W białych rękawiczkach: Frans Masereel

Wszystkie muzea posiadają swoje tajemnice i zakątki, do których wstęp mają tylko nieliczni pracownicy. Jednymi z takich miejsc są magazyny, gdzie niczym w skarbcu przechowywane są dzieła sztuki. Oto kolejna część cyklu „W białych rękawiczkach”, w którym kustosze MNWr prezentują ukryte i niedostępne na co dzień skarby.

Zagorzały pacyfista i jeden z najbardziej inspirujących artystów – Frans Masereel, Flamand urodzony w 1889 roku w Blankenberge, małej miejscowości rybackiej nad Morzem Północnym. Autor nastrojowych obrazów i cieszących się międzynarodowym uznaniem drzeworytów, które przekazują głębokie przesłanie wolności i humanizmu. W roku 1916 rozpoczął współpracę z Międzynarodowym Czerwonym Krzyżem w Genewie jako tłumacz. Nawiązał dzięki temu kontakt z francuskim pisarzem Romainem Rollandem, z którym połączyła go głęboka przyjaźń.

Niemal natychmiast dołączył do pacyfistów skupionych wokół Rollanda i został współzałożycielem pacyfistycnej gazety „La Feuille”. Do roku 1920 niemal codziennie kreślił jeden rysunek tuszem na jego stronę tytułową, piętnując okropności wojny. W tym samym czasie publikował swoje pierwsze cykle drzeworytów, zatytułowane kolejno „Umarli powstać” i „Umarli mówią”.

Fot. Magdalena Lorek

Niedługo po tym szwajcarskie wydawnictwo Édition de Sablier, którego Masereel był współsponsorem, wypuściło kolekcjonerskie, numerowane wydanie jego nowatorskiego projektu graficznego – powieści Dwadzieścia pięć obrazów męki człowieka (1918). To historia o młodym mężczyźnie, który protestuje przeciwko niesprawiedliwości wobec klasy robotniczej w uprzemysłowionym społeczeństwie, a ostatecznie zostaje stracony za poprowadzenie buntu przeciwko swojemu pracodawcy.

W 1924 roku niemiecki wydawca Kurt Wolff powtórnie opublikował dzieło Masereela pod niemieckim tytułem Die Passion eines Menschen, jako niedrogie wydanie, tzw. Volksausgabe (odbitki nie są wykonane z oryginalnych klocków), które słowem wstępu opatrzyli m.in. Thomas Mann i Hermann Hesse.
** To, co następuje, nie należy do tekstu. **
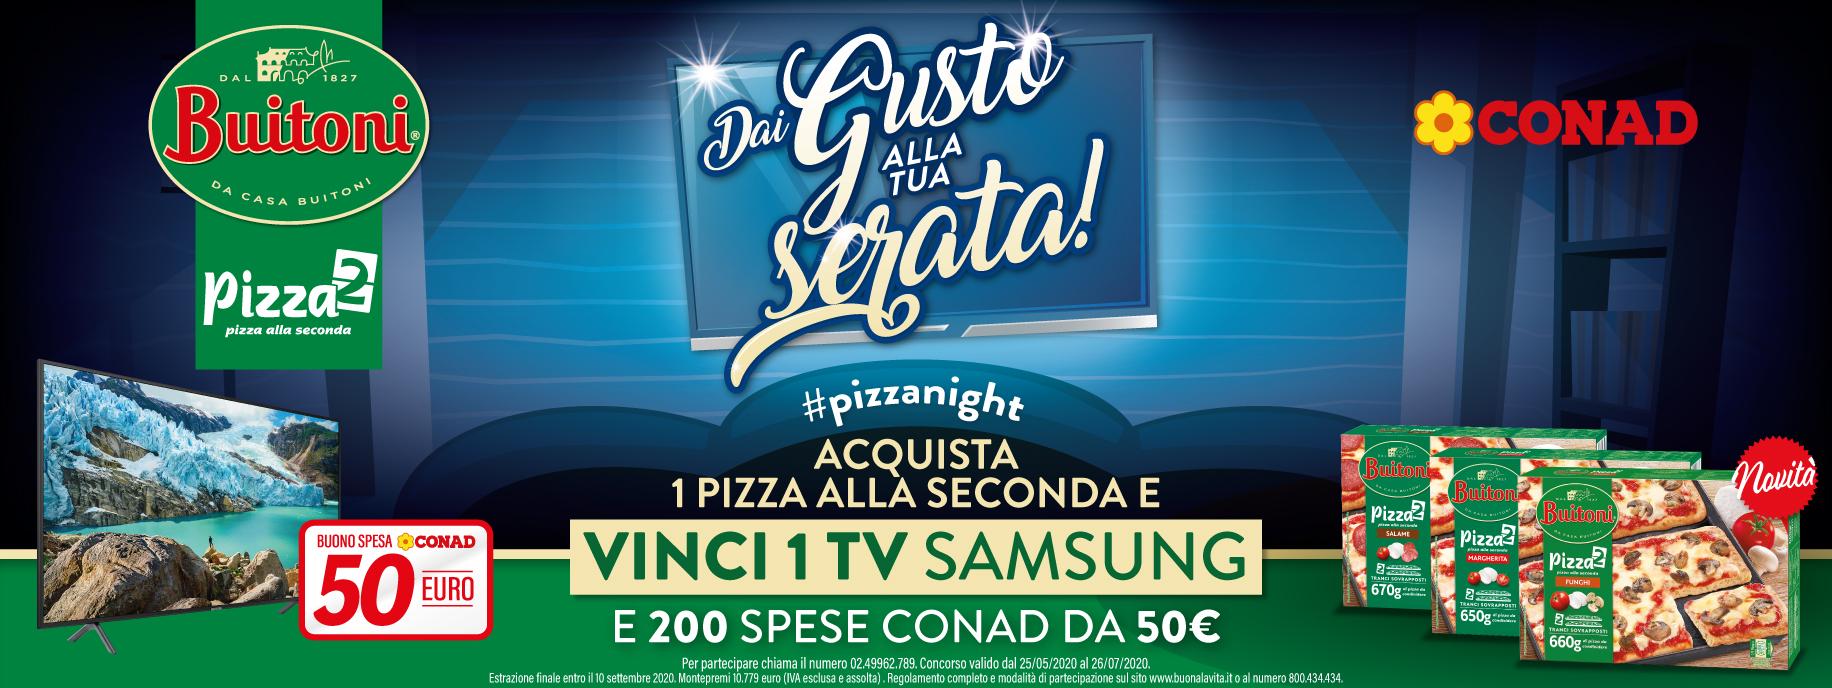 concorso Buitoni pizza vinci 200 buoni spesa e tv samsung

Los człowieka jest pierwszą powieścią w obrazach, czyli gatunkiem narracyjnym, który rozkwitł w latach 20. i 30. XX wieku i największą popularnością cieszył się w Niemczech. Pierwowzór dzisiejszej powieści graficznej – powieść bez słów, która była także nazywana „niemą powieścią” (czasem występowała także pod nazwą „powieść drzeworytnicza”), ograniczała tekst do tytułu książki i rozdziałów. Artysta opowiada historię za pomocą sekwencji obrazów – grafik, zwykle posługując się technikami druku wypukłego (najczęściej wybierając drzeworyt lub linoryt).

Masereel budował kompozycje oparte na silnych kontrastach czerni i bieli, czerpiąc inspiracje z ekspresjonistycznego teatru i filmu. Wyraźny jest związek z niemieckim ekspresjonizmem, jednak ich prosty w formach i dydaktyczny wydźwięk nasuwa jednocześnie skojarzenie z Biblią Pauperum. Tytuł książki i rycina na okładce kojarzą zwykłego człowieka z umęczonym Chrystusem. Zadaniem tej drzeworytniczej pasji miało być potrząśnięcie masami i swoiste przebudzenie.
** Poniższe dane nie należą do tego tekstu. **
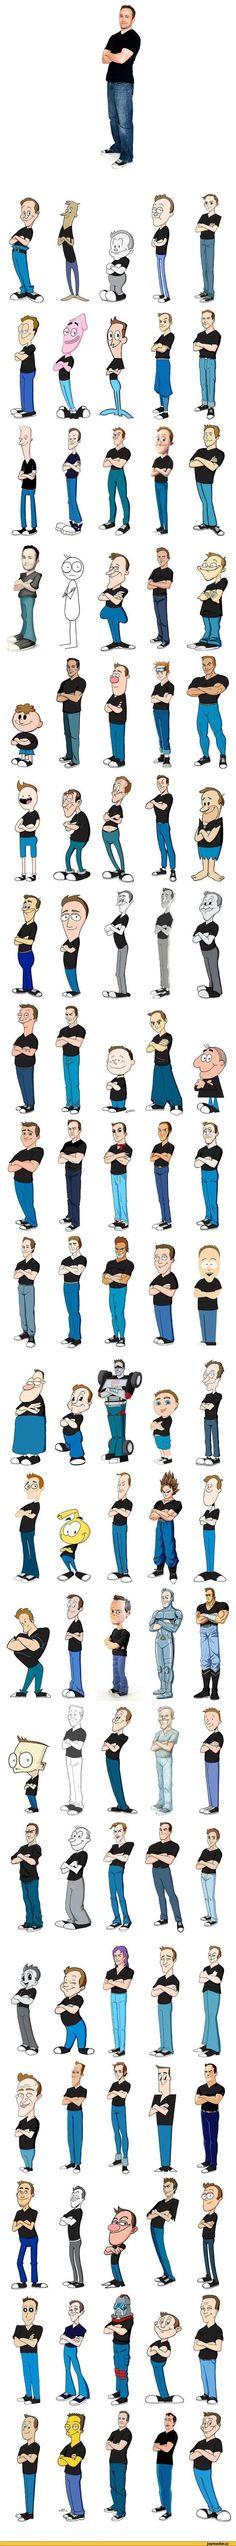 Los 100 autoretratos de Kevin McShane.

Przy pierwszym zetknięciu prace artysty uderzają prostotą, lecz przy dłuższym kontakcie odkrywają kolejne wymiary oraz niezwykłą lekkość i naturalność surowej techniki drzeworytniczej. Wywołane było to zapewne tym, że grafik ciął drewno bez dokładnego przygotowania, na podstawie kilku wstępnych orientacyjnych kresek pędzlem lub piórkiem.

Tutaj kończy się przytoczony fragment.